From an Article by Rick Miller, Olean NY Times Herald, November 15, 2018
A state appellate court ruled Friday that National Fuel Gas Corp. could not use eminent domain proceedings to cross a Clarksville couple’s property for the Northern Access Pipeline from McKean County, Pa. to Western New York.
The Appellate Division, Fourth Judicial Department overturned an earlier State Supreme Court ruling granting eminent domain powers to National Fuel Gas in order to cross the 200-acre parcel owned by Joseph and Theresa Schueckler. The property lay in the path of the proposed 97-mile $455 million Northern Access pipeline.
While National Fuel officials are still hopeful about the project’s future, the Schueckler’s attorney Gary Abraham thinks differently. “The pipeline is dead,” he said.
Dozens of streams and creeks are also in the pipeline’s path, which require DEC permission to cross. The DEC asked National Fuel Gas to use horizontal drilling to minimize stream disruptions. The company said it was unnecessary in most streams.
The 12-page ruling acknowledges the state Department of Environmental Conservation (DEC) denied a Water Quality Certificate under the federal Clean Water Act, which National Fuel Gas has challenged in the Second Circuit U.S. Federal Court in New York City.
National Fuel Gas claimed DEC took longer than the one year allowed to review the company’s application for a Water Quality Certificate. The DEC said both parties had agreed to extend the deadline.
Last year, the Federal Energy Regulatory Commission (FERC), which controls interstate transmission of natural gas, agreed with a National Fuel Gas request to approve the project with conditions.
One of the conditions is that National Fuel Gas obtain a Water Quality Certificate from DEC. National Fuel Gas sued FERC in Federal Court in the District of Columbia to remove the conditions. The ruling states that “It is indisputable, however, that if the Water Quality Certificate denial is ultimately upheld, the pipeline cannot be built.”

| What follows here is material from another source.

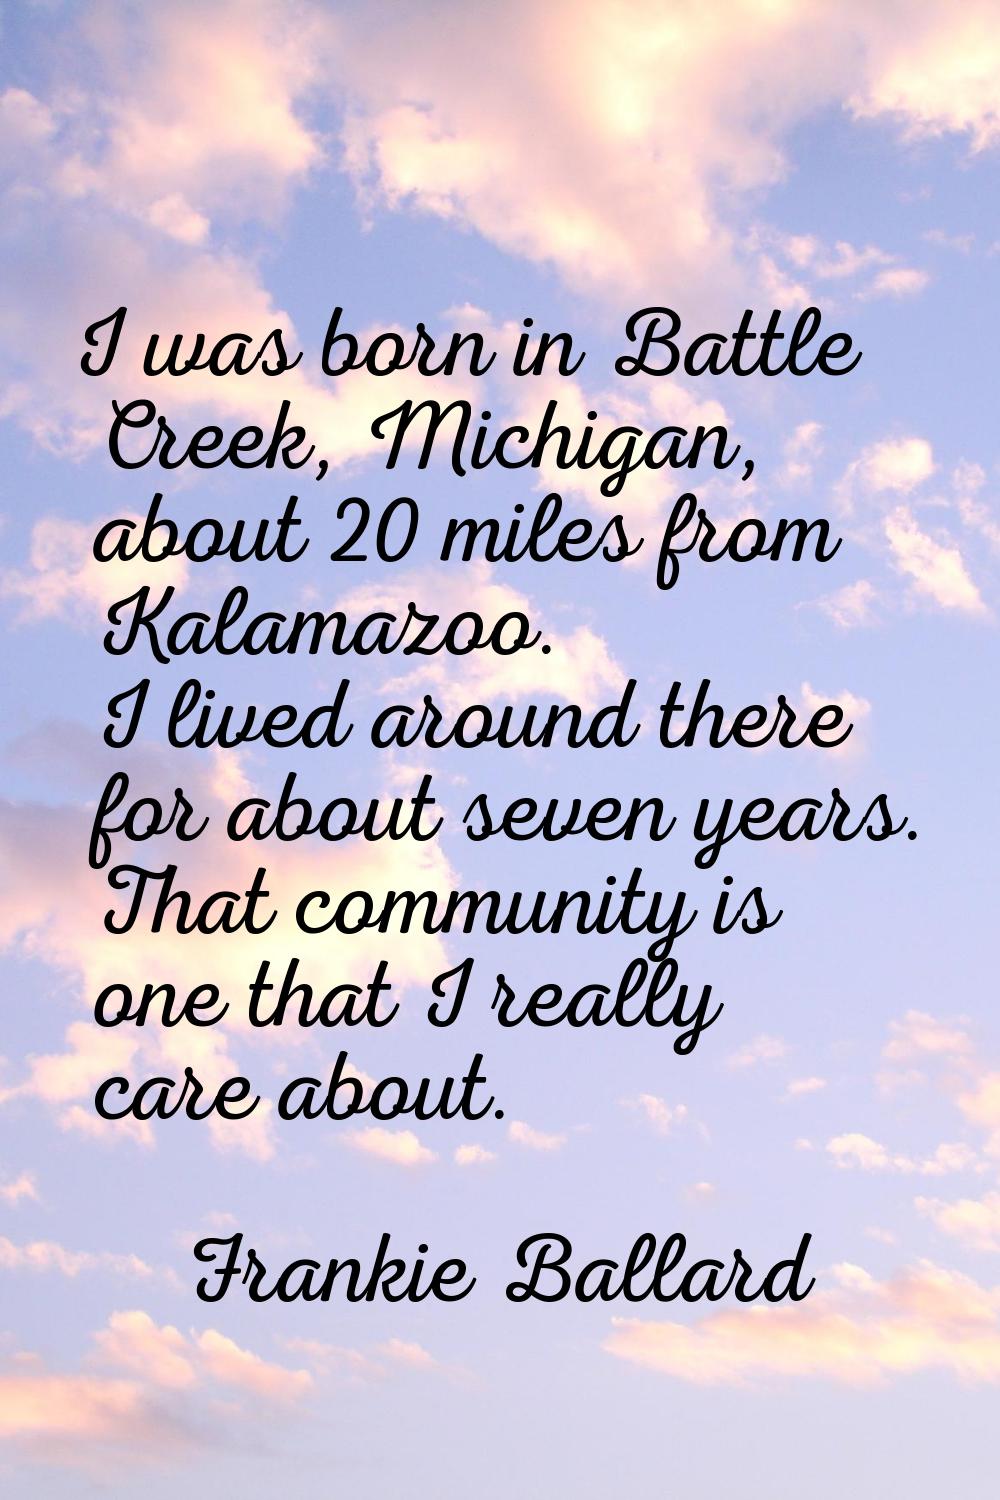 I was born in Battle Creek, Michigan, about 20 miles from Kalamazoo. I lived around there for about
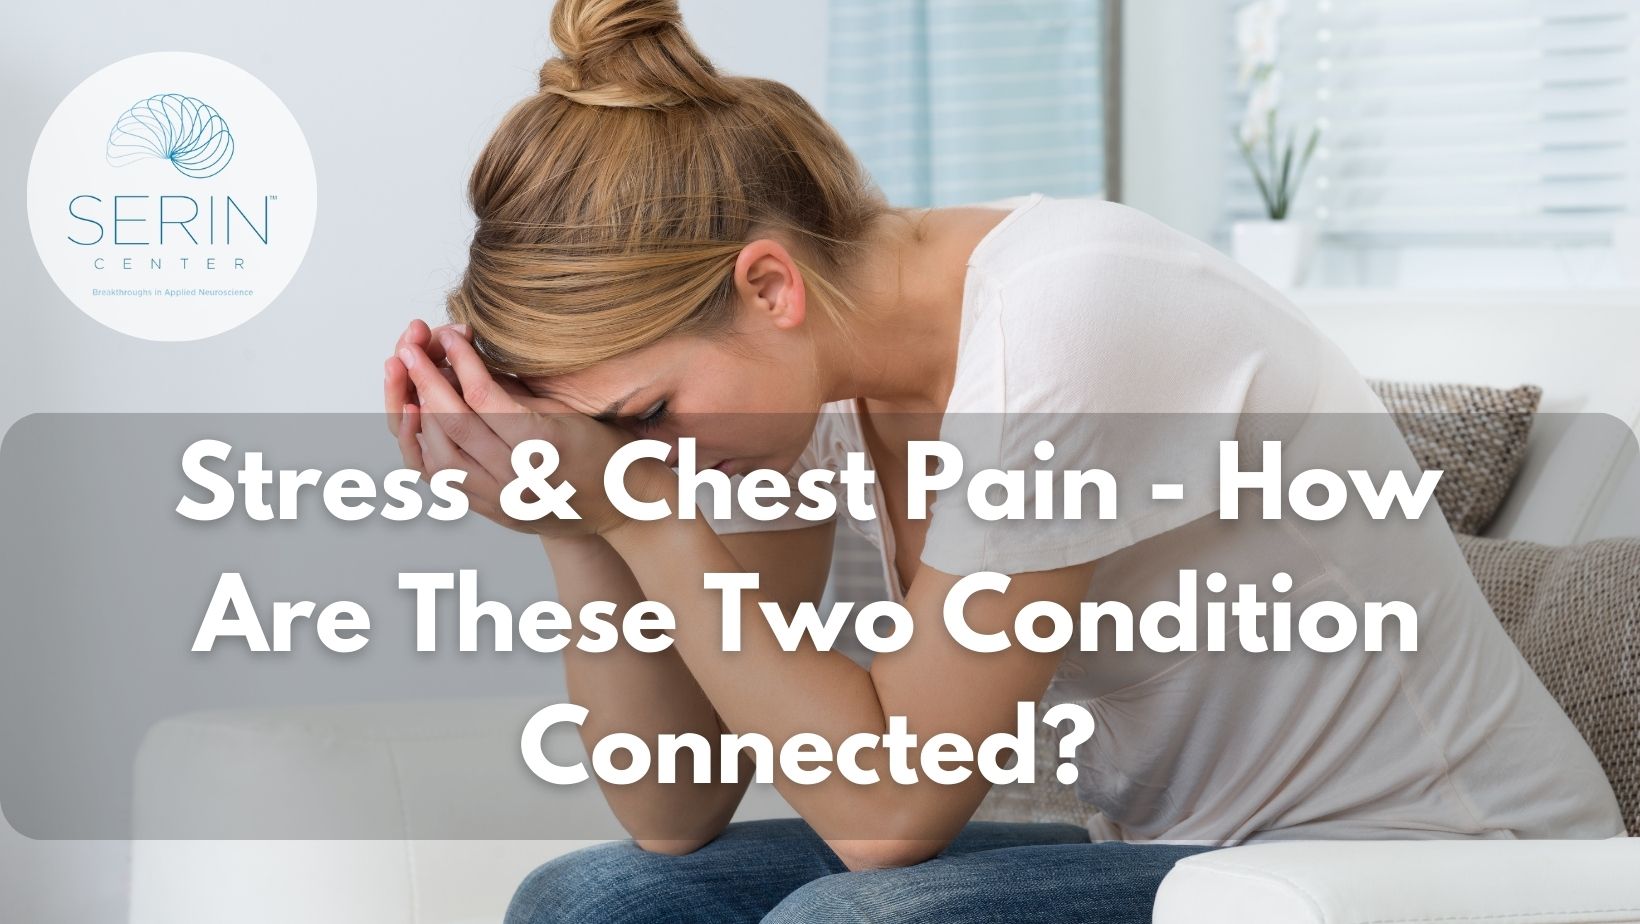 The connection between stress and chest pain.

The appellate ruling will apply to others still fighting eminent domain proceedings by National Fuel Gas.
Abraham, of Great Valley, noted another portion of the appellate decision stated: “Only a viable public project can force respondents to surrender their rights in their land.” He said there will be no eminent domain “unless and until National Fuel Gas can prevail against DEC” in the Second Circuit or against the FERC conditions in the D.C. Circuit.
“They don’t have authorization from FERC to begin construction,” Abraham said. He cited one portion of the decision, which said: “given the State’s WQC denial, there simply is no viable public project. Consequently, petitioner [National Fuel] has no right to force respondents [the Schuecklers] to sell something that is not for sale.”
National Fuel Gas spokesman Karen Merkel said Wednesday, “The litigation surrounding the Northern Access Project has been significant over the last two years involving federal, state and local jurisdictions. Interstate pipeline projects are regulated by FERC under the federal Natural Gas Act.”
In an email Merkel said, “The federal approval received from the Federal Energy Regulatory Commission and FERC’s Aug. 6 Order that the NY DEC waived the ability to issue or deny a Clean Water Action Section 401 permit for the Northern Access project remain in force.
“National Fuel remains committed to this project and is pleased that we have secured agreements more than 500 property owners along the 97-mile proposed pipeline route. At this point we are considering our appellate options based on this ruling,” Merkel said.
National Fuel Gas President and CEO Ron Tanski said during a Nov. 2, earnings conference call: “Our Northern Access project received a boost by way of a favorable determination by FERC that the NY DEC exceeded their allowed time to either approve or deny a water quality certification.
“While we are still a couple of years and likely a few legal challenges away from constructing this project, it’s a giant step in the right direction. We anticipate that this will likely be a 2022 project,” Tanski said.
The project would employ about 1,700 workers during construction, generate $11.8 million in annual sales taxes and a one-time $8 million sales tax impact.
The pipeline would move natural gas from the Marcellus shale fields of Pennsylvania into Western New York for residential and commercial supplies as well as the export market.